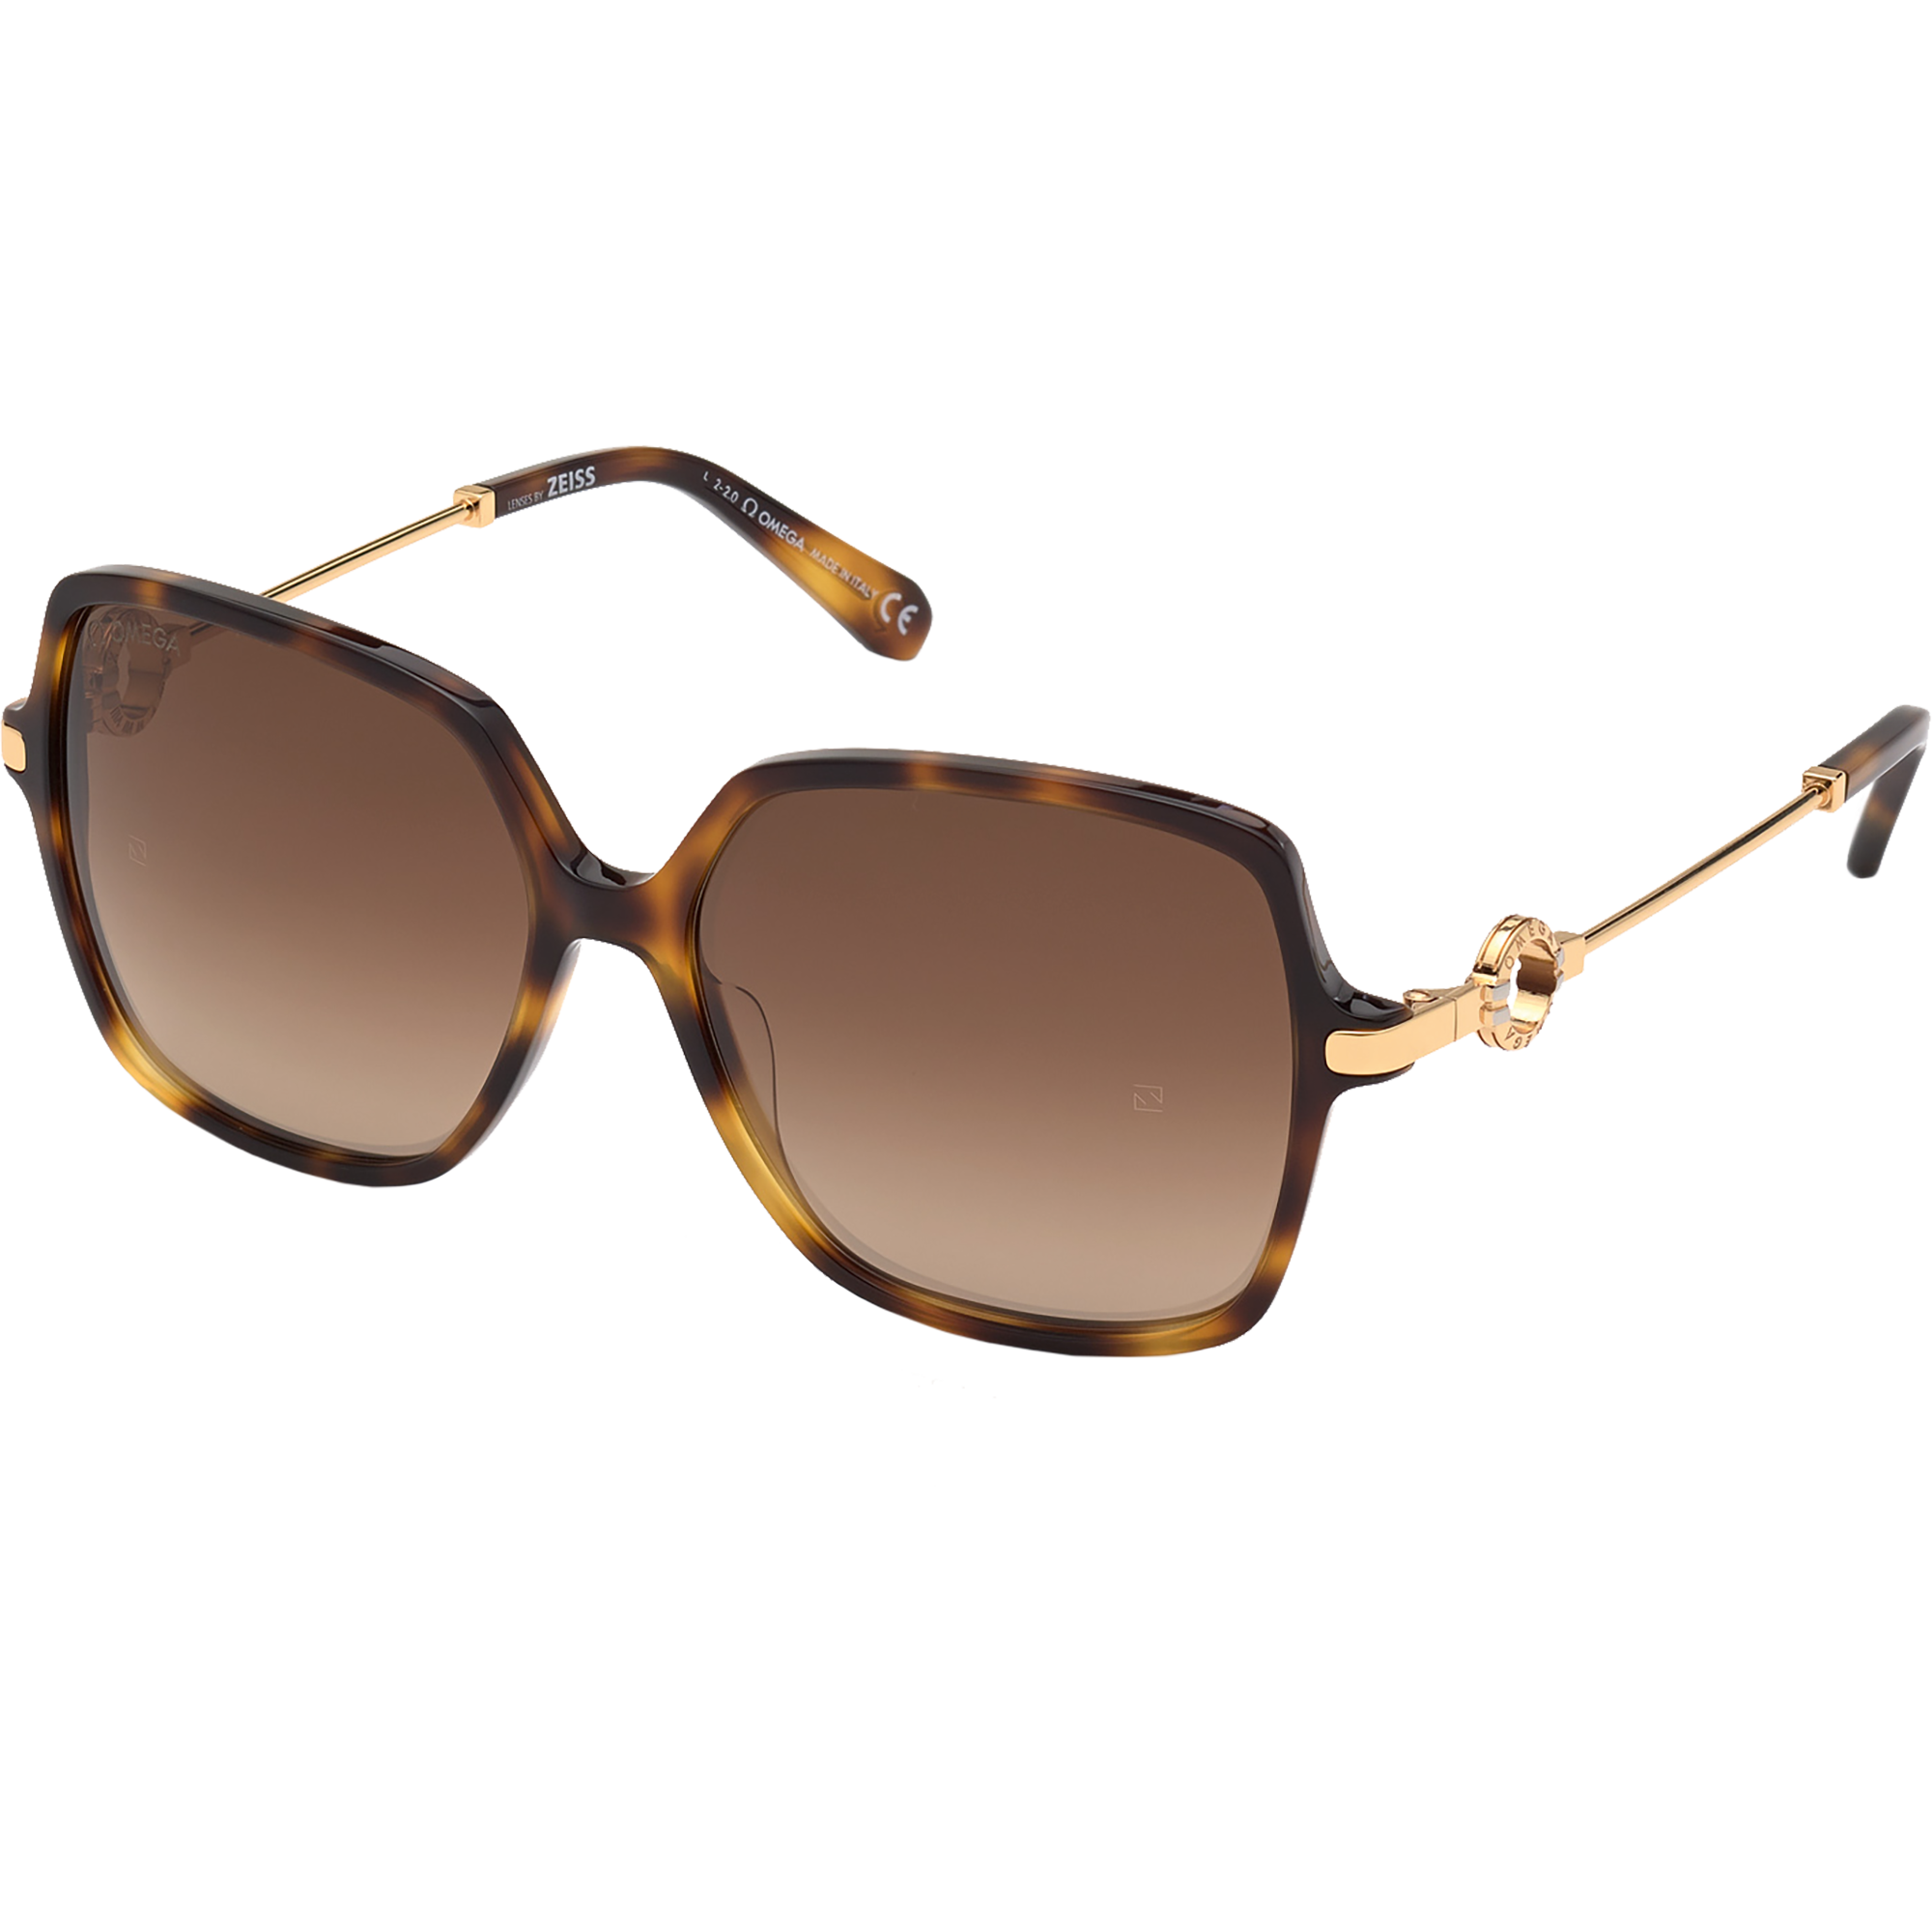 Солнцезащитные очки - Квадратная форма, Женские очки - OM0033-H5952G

+ + + + + + +

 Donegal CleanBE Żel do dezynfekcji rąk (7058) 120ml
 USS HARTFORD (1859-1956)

+ + + + + + +

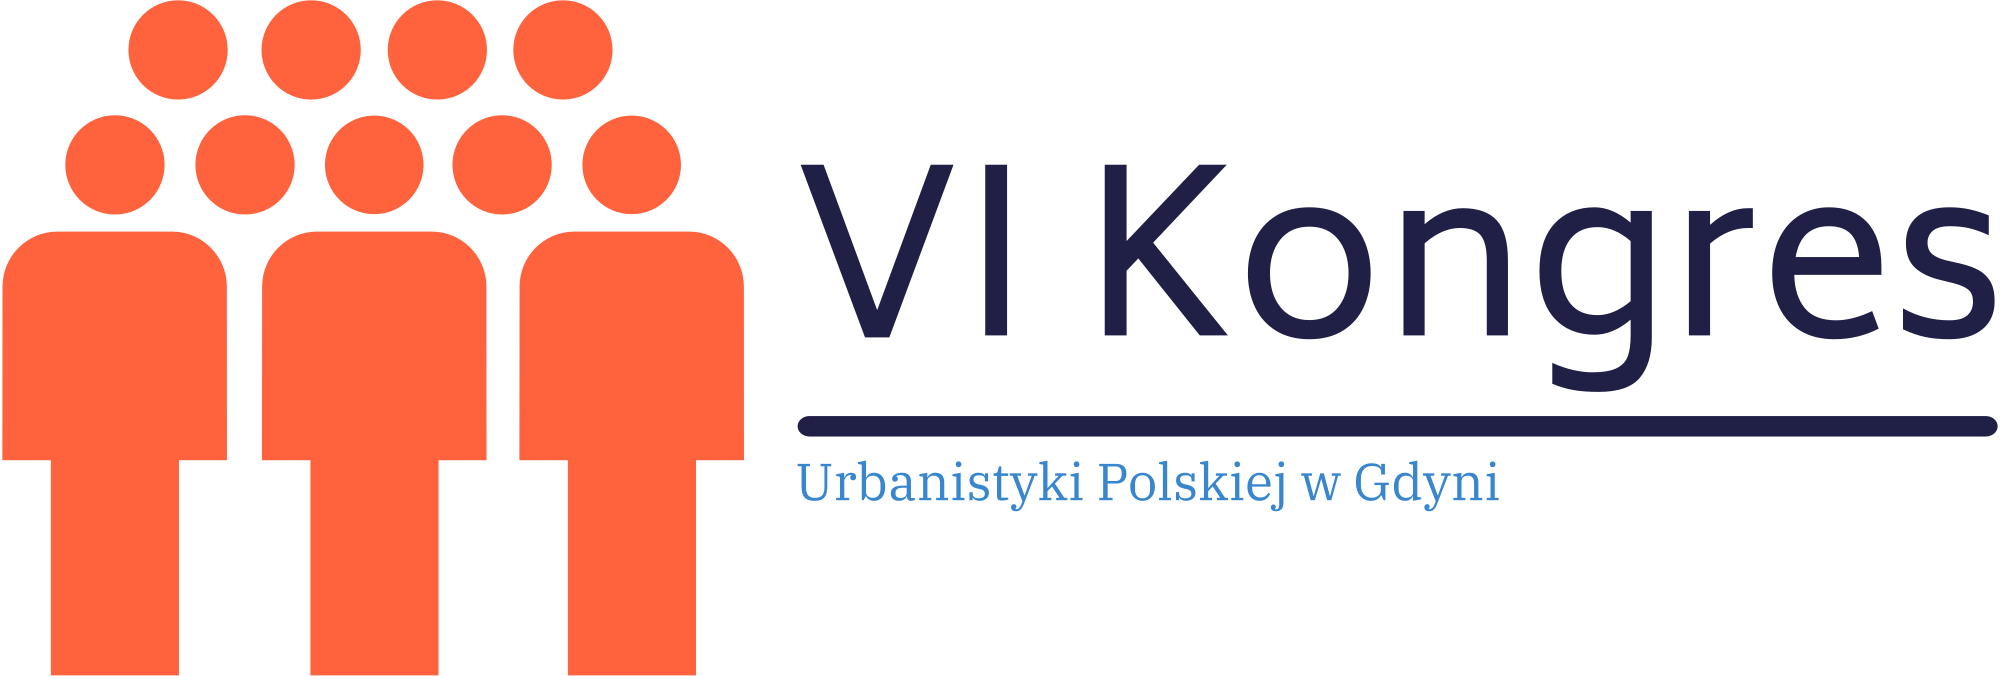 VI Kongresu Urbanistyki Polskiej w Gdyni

+ + + + + + +

» Exercise
Print again the lines of the entries above that fall between the line holding "Donegal CleanBE Żel" and the line holding "USS HARTFORD (1859-1956)", inclusive, exactly as they stand.

» Solution for this exercise
 Donegal CleanBE Żel do dezynfekcji rąk (7058) 120ml
 USS HARTFORD (1859-1956)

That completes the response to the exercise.